Blizzard, who is chief information officer at the Massachusetts Medical Society and the New England Journal of Medicine, works with publishers, editorial staff members, physicians and clinical professionals here and abroad, such as the Li Ka Shing Faculty at the University of Hong Kong Medical School of Medicine.
“To drive an overall process to success rather than failure, it helps to be less of a tactical manager and more a strategic planner,” he said. “There needs to be a flexibility so when things do go wrong, it’s OK. If we’re directionally oriented, we can let things be as they are and be a little Buddhist about the implementation.”
Blizzard’s strategy illustrates the sort of approach the College of Computer and Information Science (CCIS) strives to teach.
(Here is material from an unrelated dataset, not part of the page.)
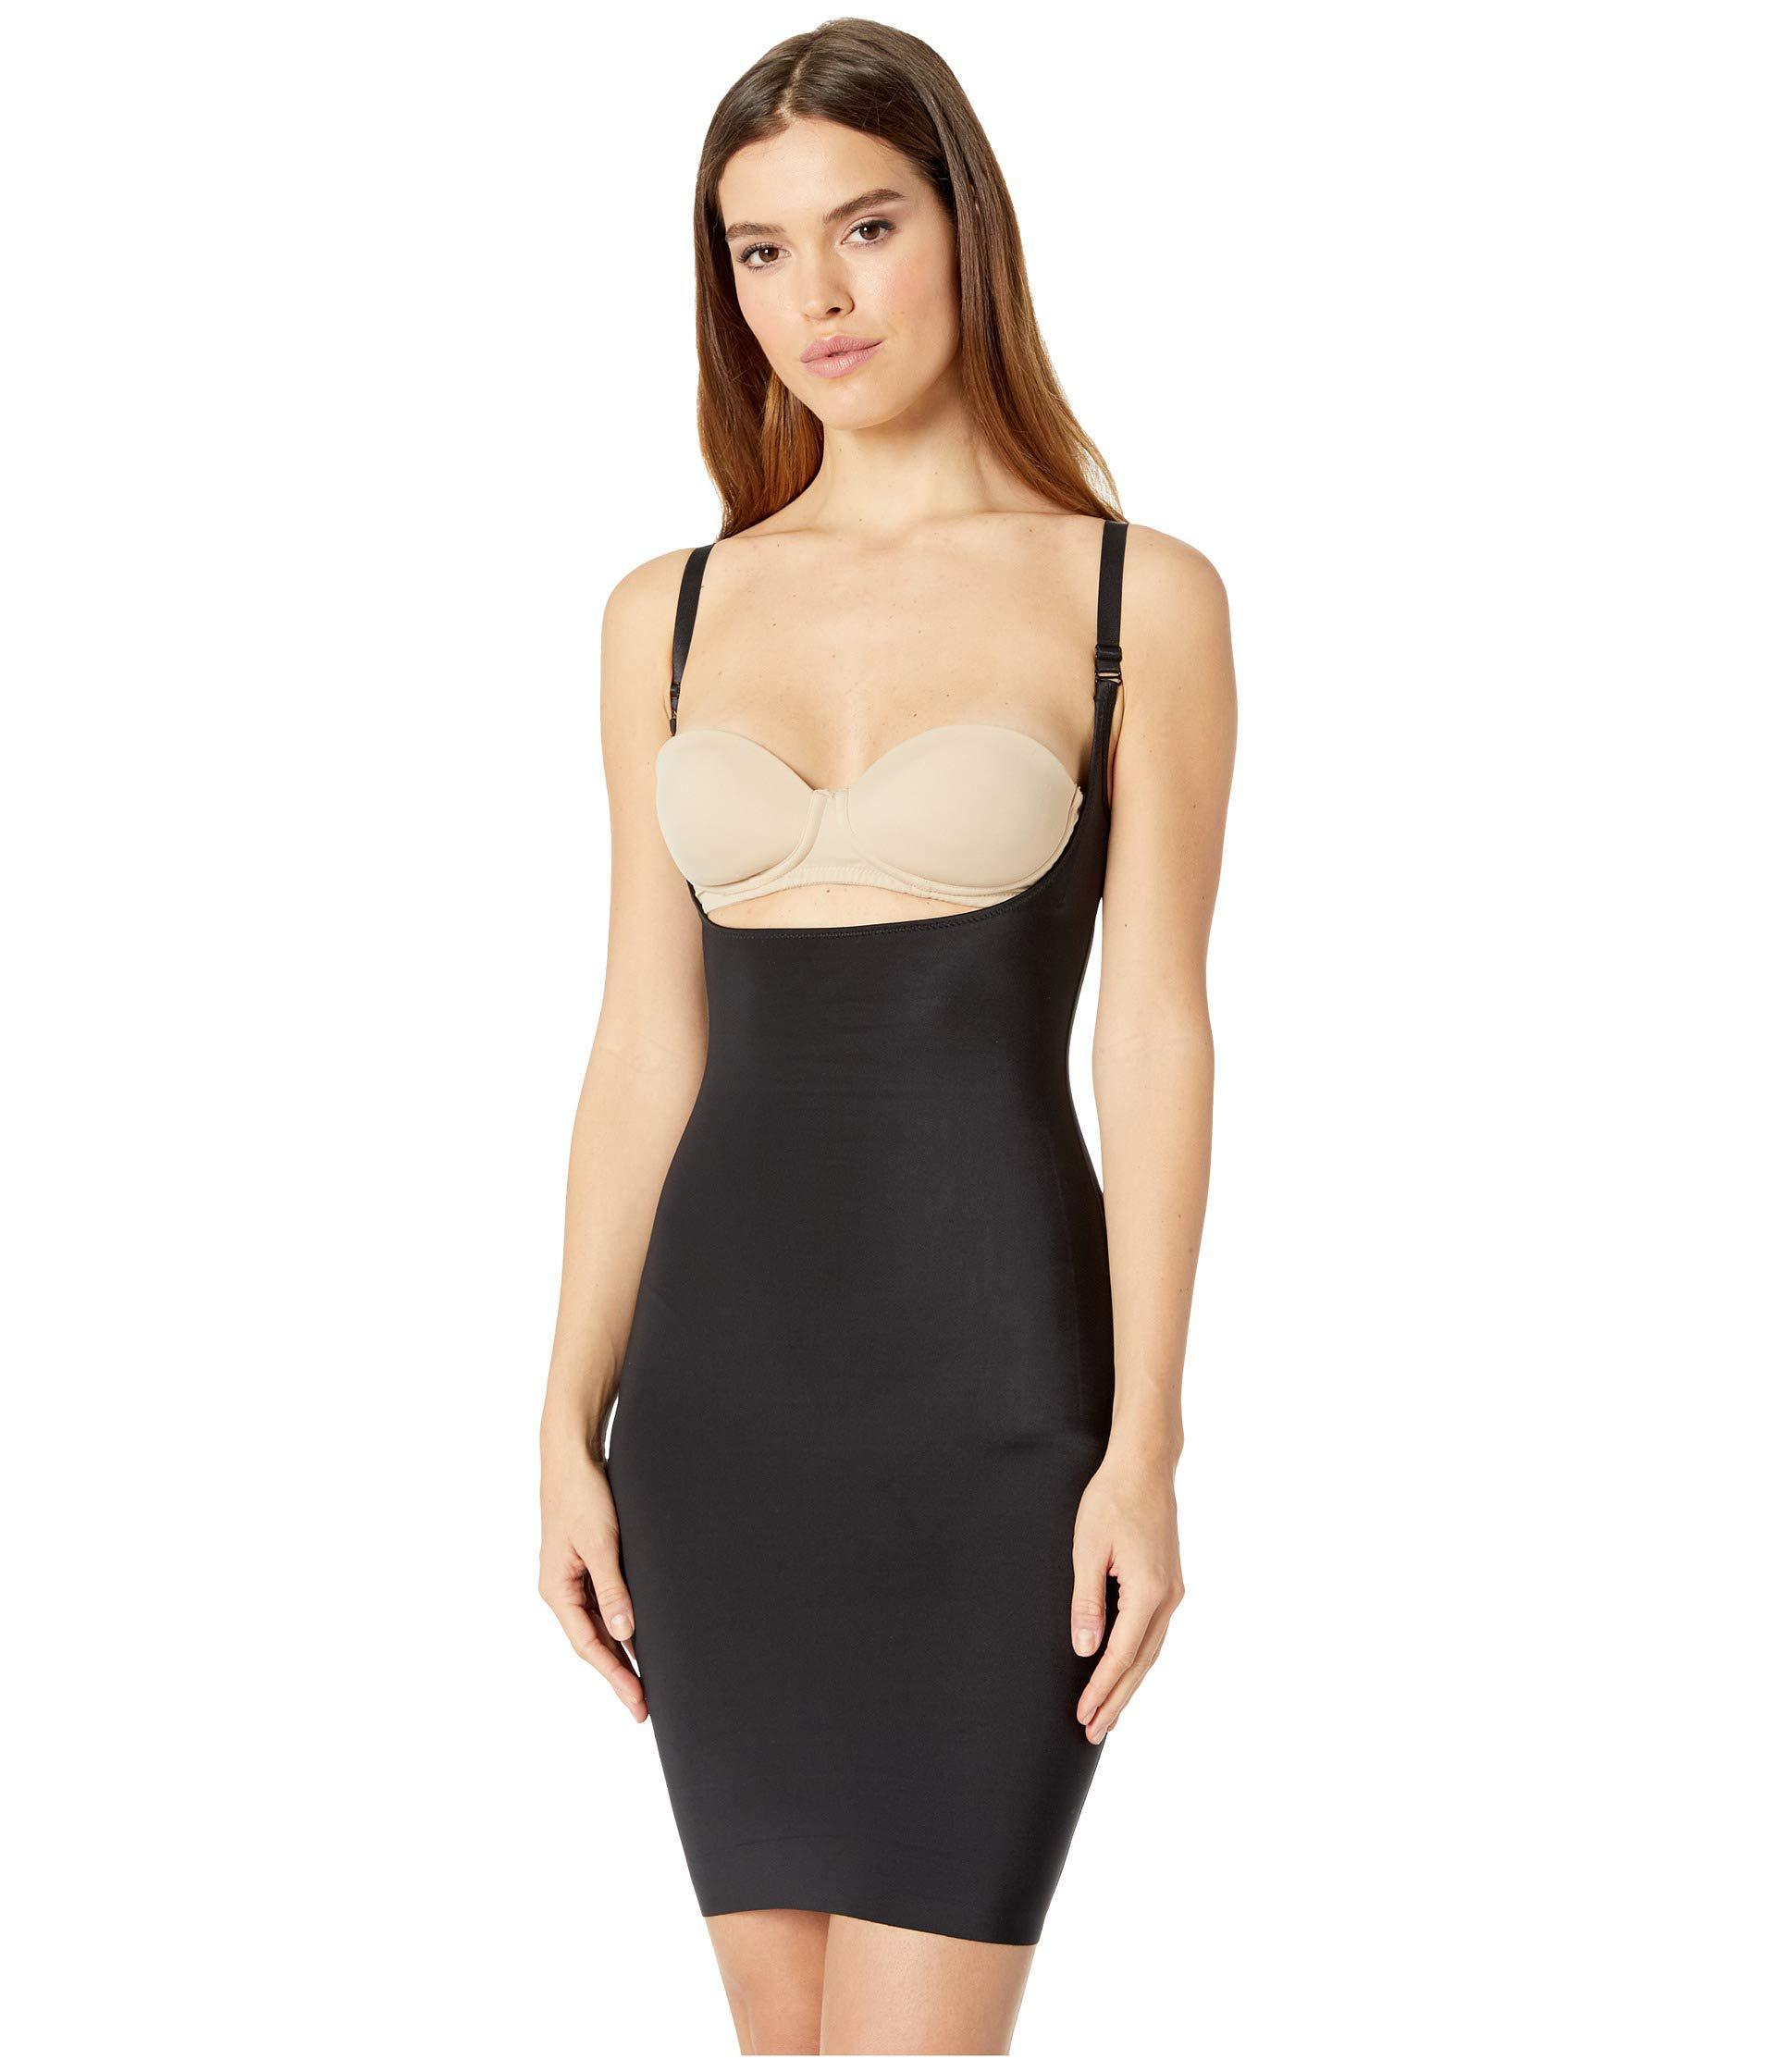 9785495dae Magic Bodyfashion. Black Luxury Full Shapewear Slip Dress (latte) Women s  Underwear

The curriculum is a direct response to industry’s demand for professionals with high-technology work skills capable of communicating in an increasingly more complex global environment.
Corporations such as IBM, Microsoft and Google succeed as a result of their ability to produce in a global context, said Larry Finkelstein, dean of CCIS. Therefore, to meet industry demands for diverse professionals in areas such as information technology, health care and business, programs in CCIS provide students with collaborative skills, the ability to understand not only their own disciplines, but the culture of fields outside their area of expertise and the maturity needed for future learning and achievement.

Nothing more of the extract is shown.